At the Hoover Building, Rogers turned Kevin Lockwood over to Anne Nichols and Luke Hardesy to interview, advising them to get whatever they could from him about Karma’s suitor.
Before he entered the interview room, Kevin said to Rogers, “Thanks. You saved my life. That’s not something I’ll ever forget. Maybe when things settle down and this is all over, we can have a cup of coffee or a drink or something.”
“I’d like that,” Rogers said, wondering if she’d just made a date with a transvestite.
Nichols ushered Kevin inside to the table, but Hardesy lingered.
“Reeder says Kevin—or is it Virginia . . . ?”

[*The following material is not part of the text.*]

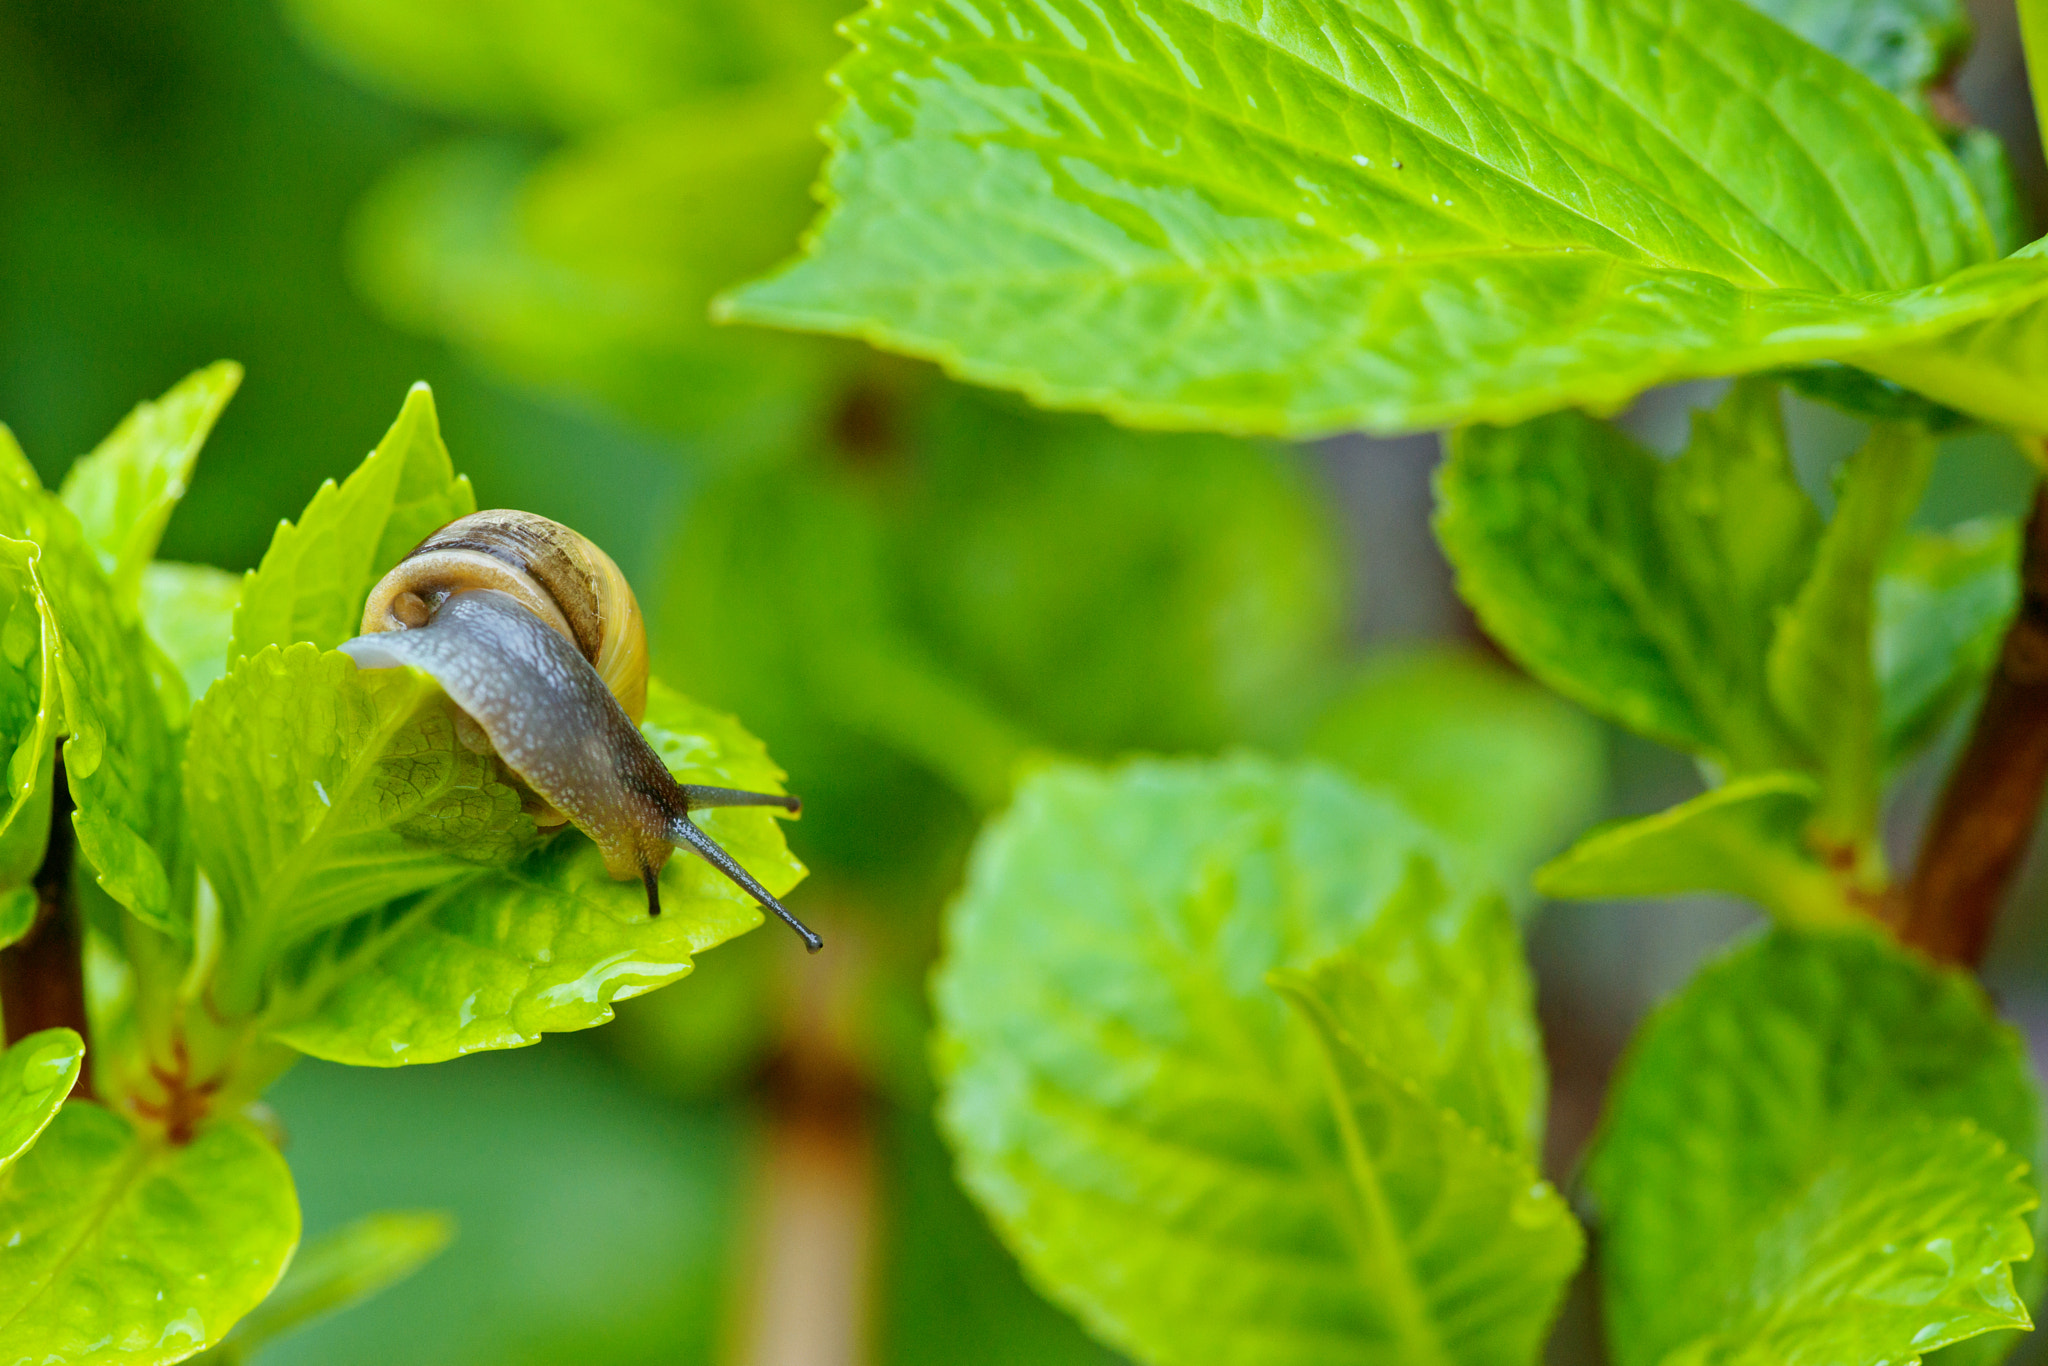 Sony Alpha DSLR-A900 sample photo. Mollusk in a garden with green plants photography
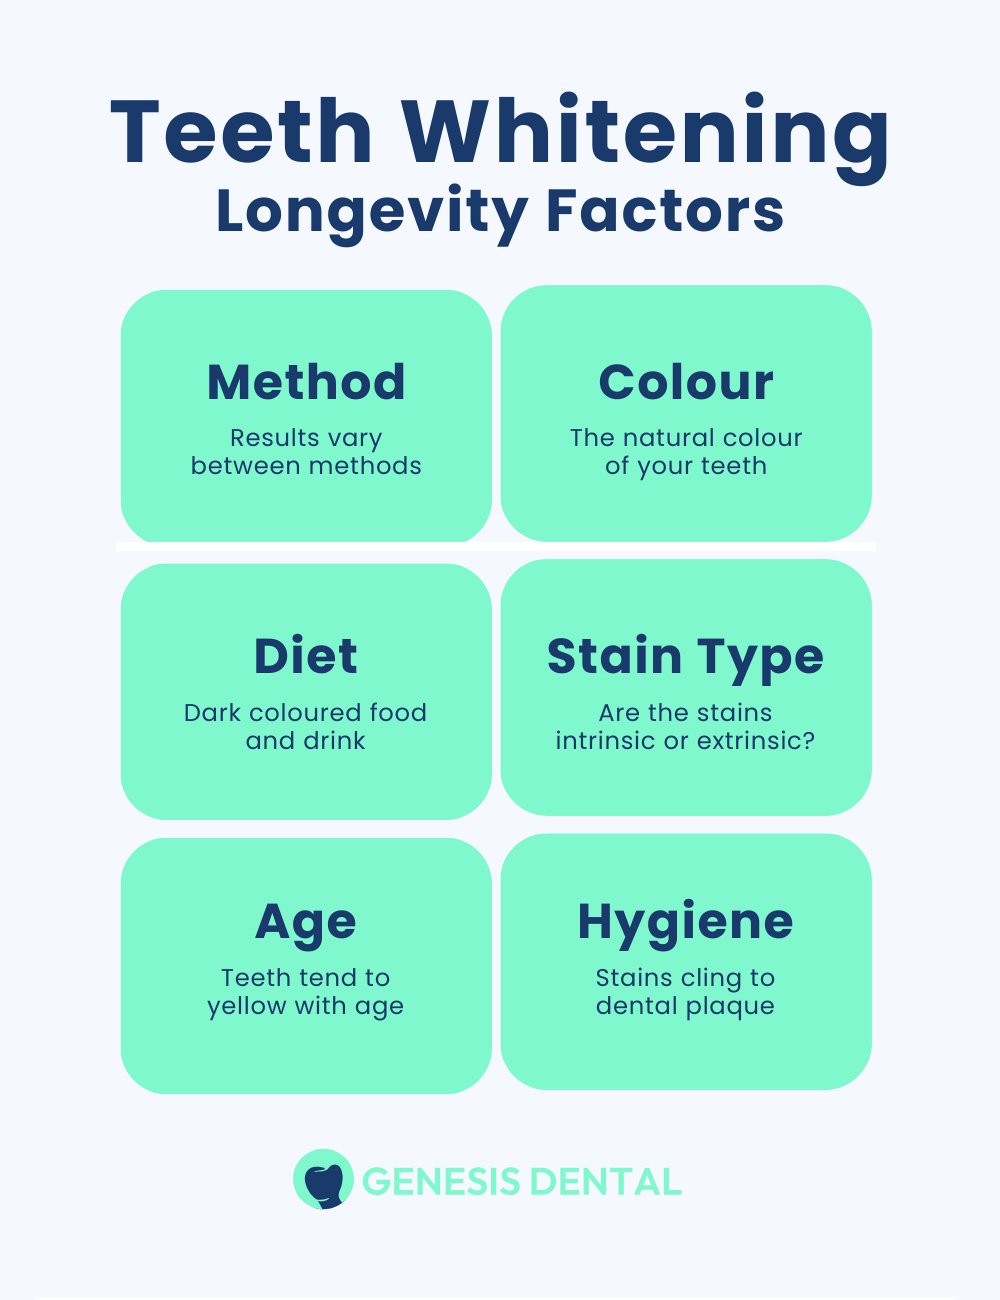 Chart showing factors affecting teeth whitening longevity including method, colour, diet, stain type, age, and hygiene

“He’s Kevin right now. Respect that.”
“I will, I will. But Reeder says our witness here has IDed Elmore as DeShawn aka Karma’s john.”
“Tentatively, yes. You need to get everything you can out of Kevin about this gentleman friend. Maybe we can pinpoint some dates they were together.”
Hardesy nodded. “Elmore works out of Ohio, like his boss Benjamin, but they both make plenty of DC trips. That’s something to look at.”
Back in the bullpen, Reeder was sitting next to Miggie, who looked up at her with a grin. “Having Elmore’s name,” he said, “made all the difference.”
She pulled up a chair and joined them. “Good to hear. How so?”
“Remember Barmore Holdings? Company that owned the two buildings that blew up in Charlottesville?”
“Yeah, I vaguely remember the two buildings that blew up in our faces. Why?”
“Turns out, the company moniker derives from the surnames of the primary owners—Lynn Barr and Frank Elmore.”
Rogers frowned. “We know Elmore. Who’s Lynn Barr?”
“She’s Adam Benjamin’s VP of Special Projects,” Reeder said. “I met her briefly at that Holiday Inn Express confab.”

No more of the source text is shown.